With broad gestures, an ecstatic whisper: "You're crazy, you're crazy..."
He especially liked to read the end.
And he had the same imperious demand for a response, as well as for the "Keys of Mary".
This time I gave him the same full sounding response as when he first came to me.
With its pathos of dark rebellion, "Pugachev" captured me.
I told Yesenin the same thing that I wrote in No. 75 of the "Labor" (22): "Criticism sleeps.
Only this can explain that the major phenomena of our literature remain unnoticed.
This is the best thing of Yesenin.
It will enter the treasury of our proletarian literature."
However, "Pugachev" was not noticed in the general press, it was not put on stage, it was printed only in a thousand copies.
Yesenin did not receive a proper response to his first large scale work.
Having not seen "Pugachev" on the stage, he no longer returned to dramatic creativity.
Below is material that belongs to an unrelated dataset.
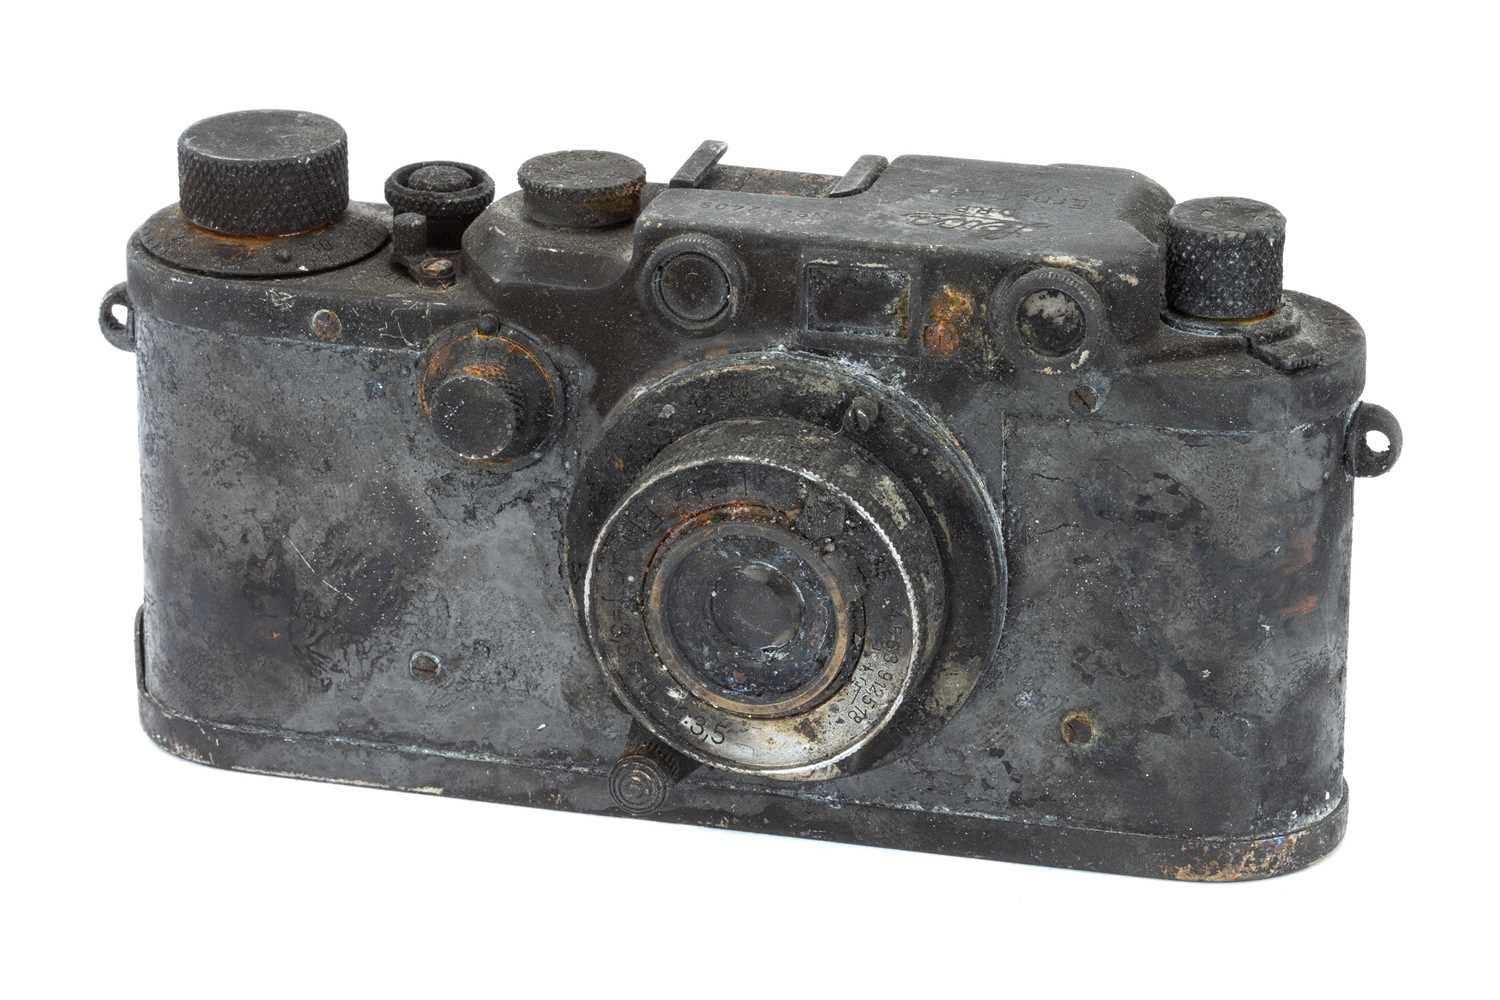 Lot 574 - A Fire Damaged Leica IIIc Rangefinder Camera

And he had all the data to work in this direction.
There was still a way to the epic.
The next work was "The Country of Scoundrels".
Yesenin was as fond of it as he was of Pugachev, and spoke to me about it as about his decisive work.
I remember three of the last meetings.
The first one was at the funeral of a Shiryaevets.
We all felt this death keenly.
After burying a friend, they gathered in a dirty room of Herzen's House, at a dirty table without a tablecloth, over some unfortunate bottles.
But it didnot drink.
Crushed, with a ball in their throat, they read poems about Shiryaevets.
When I read my own, Sergey convulsively grabbed my hand.
He started saying something: "It's you... wonderful ... "
And tears blurred his eyes.
Yesenin did not believe that the Shiryaevets died of an abscess in the brain.
He assured that the Shiryaevets was poisoned by some Volga root, from which such a death happens.
And he admired that a stormy argument in speeches over the grave of a Shiryaevite ended with a ringing and long song of a nightingale that suddenly flew in.
The second meeting is a dinner in the same House of Herzen, already in the painted and cleaned basement, in October, probably, or even in November.
We came together, Yesenin was already there.
He soon joined us, sat down next to us.
They remembered the old days.
He was quiet, sweet, sad.
He started singing ditties.
He sang with Sakharov his songs to us, then in response Vera Dukhovskaya sang her own.
His voice was already hoarse, his face was erased, and through this appearance of his, as through the fog of years, I saw an early, spring Sergunka.
Then he, all somehow distorted, began to read "The Black Man".
Through the skill of reading, some kind of internal spasm broke through.
I couldnot finish it — I forgot.
I could see by his excitement that there was something important for him here again.
The challenge of despair was in him.
And one more meeting, the last one, at the corner of Sovetskaya Square and Tverskaya.
He was with Tolstoy, on his arm.
Introduced me.
He looked bad.
"You need to rest."
- "I'm going to the sanatorium.
I'm going to the State Pension to receive money."
We kissed, and he could not return the next kiss to me.
Yesenin's entire work was only a brilliant beginning.
If he had heard a fraction of what is now being said and written about him during his lifetime, perhaps this beginning would have had the same continuation.
But his stormy work did not find its Belinsky.